Stefan, I read only Eli's reply this morning.  Got to yours just now.


Stefan Monnier <monnier@iro.umontreal.ca> writes:

>> I had a different idea of tightening the otree invariant to this:
>>
>>  1) A node's otick must be greater than or equal to its children's.
>
> That's already checked in the current code, right?

Not yet...until...just now.  See patches below.


>>  3) All downward tree traversal propagates offsets and otick.
>
> I think we already do that, but if there are places we missed, then yes,
> of course.

Yes, I think we do.  The wrinkle is that we don't always start
inheriting at the root, but otick is not updated in that case.

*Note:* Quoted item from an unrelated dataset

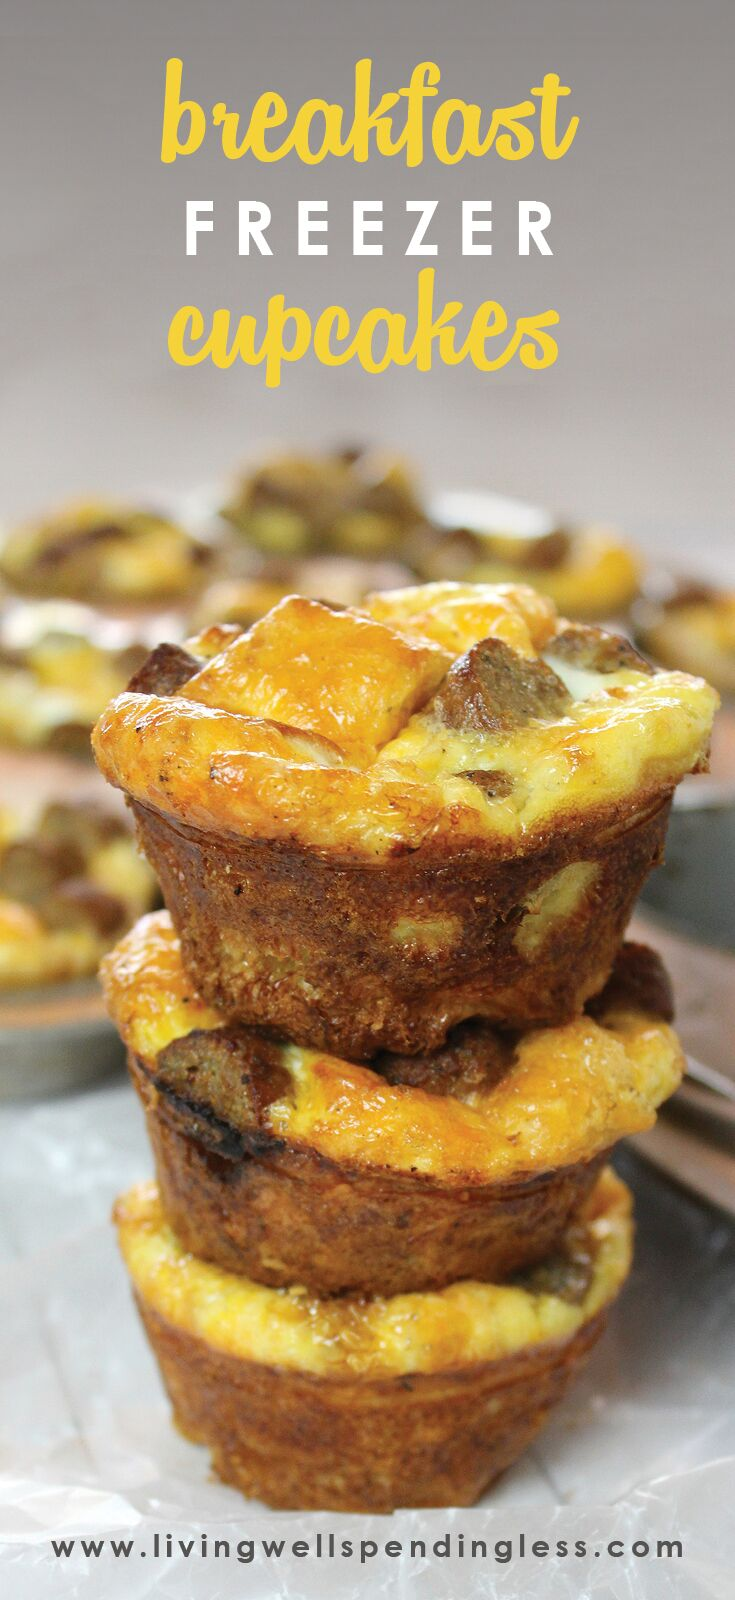 Freezer Breakfast Cupcakes | Breakfast Cupcakes | Breakfast Cupcakes Ideas | Breakfast Cupcakes Recipe | Simple Breakfast Cupcakes | Easy Freezer Meals | Meal Planning | Easy Freezer Breakfast Cupcakes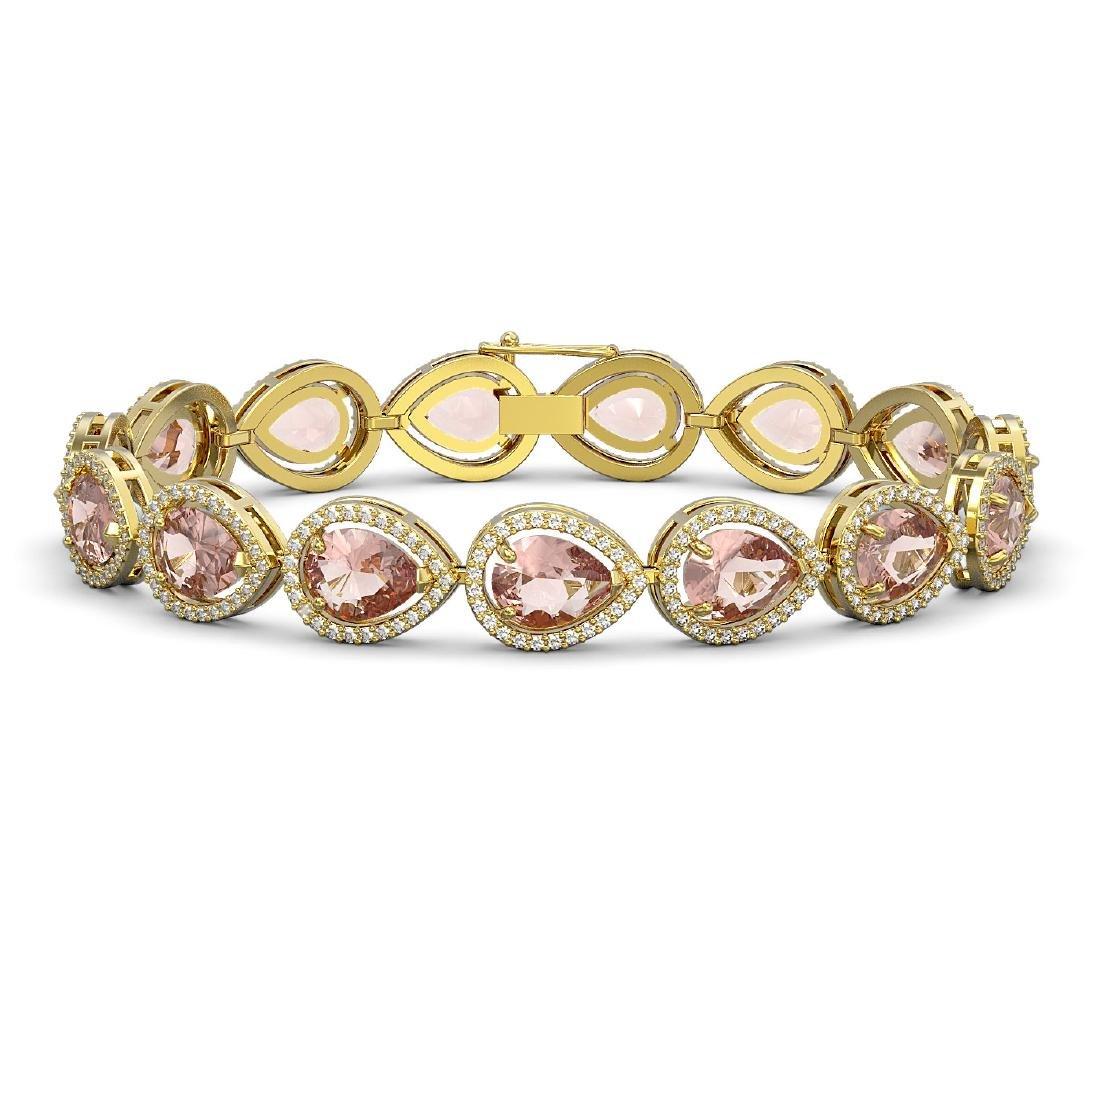 19.55 CTW Morganite & Diamond Halo Bracelet 10K Yellow

> Regarding `otick`, I can see 2 more options:
> - Get rid of it completely: its sole purpose is to try and keep
>   `overlay-start/end` O(1) in the usual case instead of O(log N), but
>   I'm not convinced it's worth the cost of propagating `otick` everywhere
>   all the time.
> - A halfway point is to keep `otick` but update it more lazily,
>   i.e. only update it when we do `overlay-start/end` (e.g. in
>   `interval_tree_validate`).

These ideas are simpler but similar in direction to my idea to use a
btree instead.  Then some of the "augmentation" could live in btree
arrays, which are a lot faster to traverse and modify in bulk.  (pie in
sky idea, maybe for Emacs 30 but more likely 40!).


>> Subject: [PATCH 2/2] Add ./configure --enable-checking=overlays
>
> I think this is going overboard.  I'd rather focus on providing good
> "everyday checks" (i.e. cheap checks which help document our invariants,
> controlled by the normal ENABLE_CHECKING) and leave the rest of the
> debugging code under "manual" control rather than expose it as an
> `--enable-checking=` option.

Yes, Eli said the same.  I've removed it.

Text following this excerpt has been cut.